In this section, we will go through the counterfactual examples of the second experiment more deeply to analyze what are the actual changes in the input images that impact the classifier’s decision. Below you can inspect the most notable examples of each classification label and their counterfactual examples that do flip the predictions.

An example of the “covid” lungs and a counterfactual image that **did flip** the prediction generated for the second experiment.

An example of the “viral pneumonia” lungs and a counterfactual image that **did flip** the prediction generated for the second experiment.

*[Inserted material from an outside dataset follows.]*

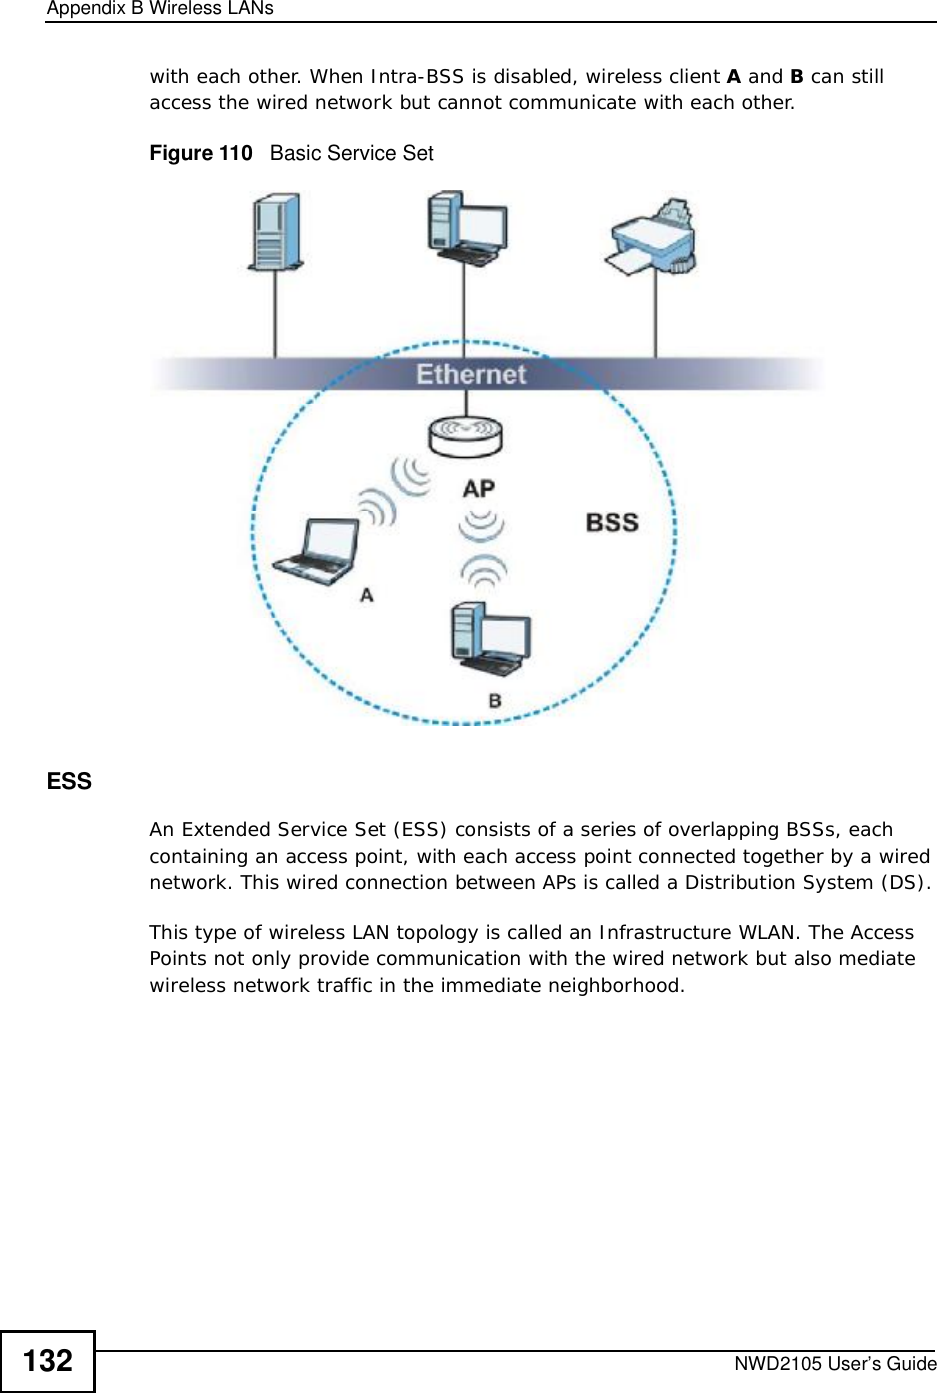 Appendix BWireless LANsNWD2105 User’s Guide132with each other. When Intra-BSS is disabled, wireless client A and B can still access the wired network but cannot communicate with each other.Figure 110   Basic Service SetESSAn Extended Service Set (ESS) consists of a series of overlapping BSSs, each containing an access point, with each access point connected together by a wired network. This wired connection between APs is called a Distribution System (DS).This type of wireless LAN topology is called an Infrastructure WLAN. The Access Points not only provide communication with the wired network but also mediate wireless network traffic in the immediate neighborhood.

Interestingly, in all the examples for each class, the most changing areas that are affected by the explanation function are places not within the lungs themselves.

Therefore, the main conclusion out of all this experimentation is that our classifier model trained on 5% of the data is basically biased to different markers that are present in the images (e.g arrows, texts, etc), which we prove with our explanation function (GAN). It means that we have a working baseline that replicates the results of the original paper, and we are able to audit the decisions of the classifier model.

You can find more counterfactual examples for each experiment in here.

Conclusions

In this project, we study the importance of the explainable AI in the context of image classification networks. We fully replicate the results of the paper “Explaining the Black-box Smoothly — A Counterfactual Approach” from scratch and prove the viability of the solution on the public COVID-19 Radiography Database. In our findings, we showcase that image classifiers can be easily biased towards visuals that should not correlate with the target labels to make the final decision. Therefore, this calls for a need to have an explanation function like, for instance, cGAN that helps audit the classifier’s attention to build more confidence how robust it is for different counterfactual examples.
Having implemented this project, we can also conclude that all the 90+%-ish classification results (e.g 1, 2, 3, 4) that are reported by people in the “Code” section of this Kaggle dataset are highly likely to be biased towards the same problem we have shown (redundant markers, arrows, etc). This raises an important note to medical institutions that not all the off-the-shelf models are production-ready and can be used for real-world testing.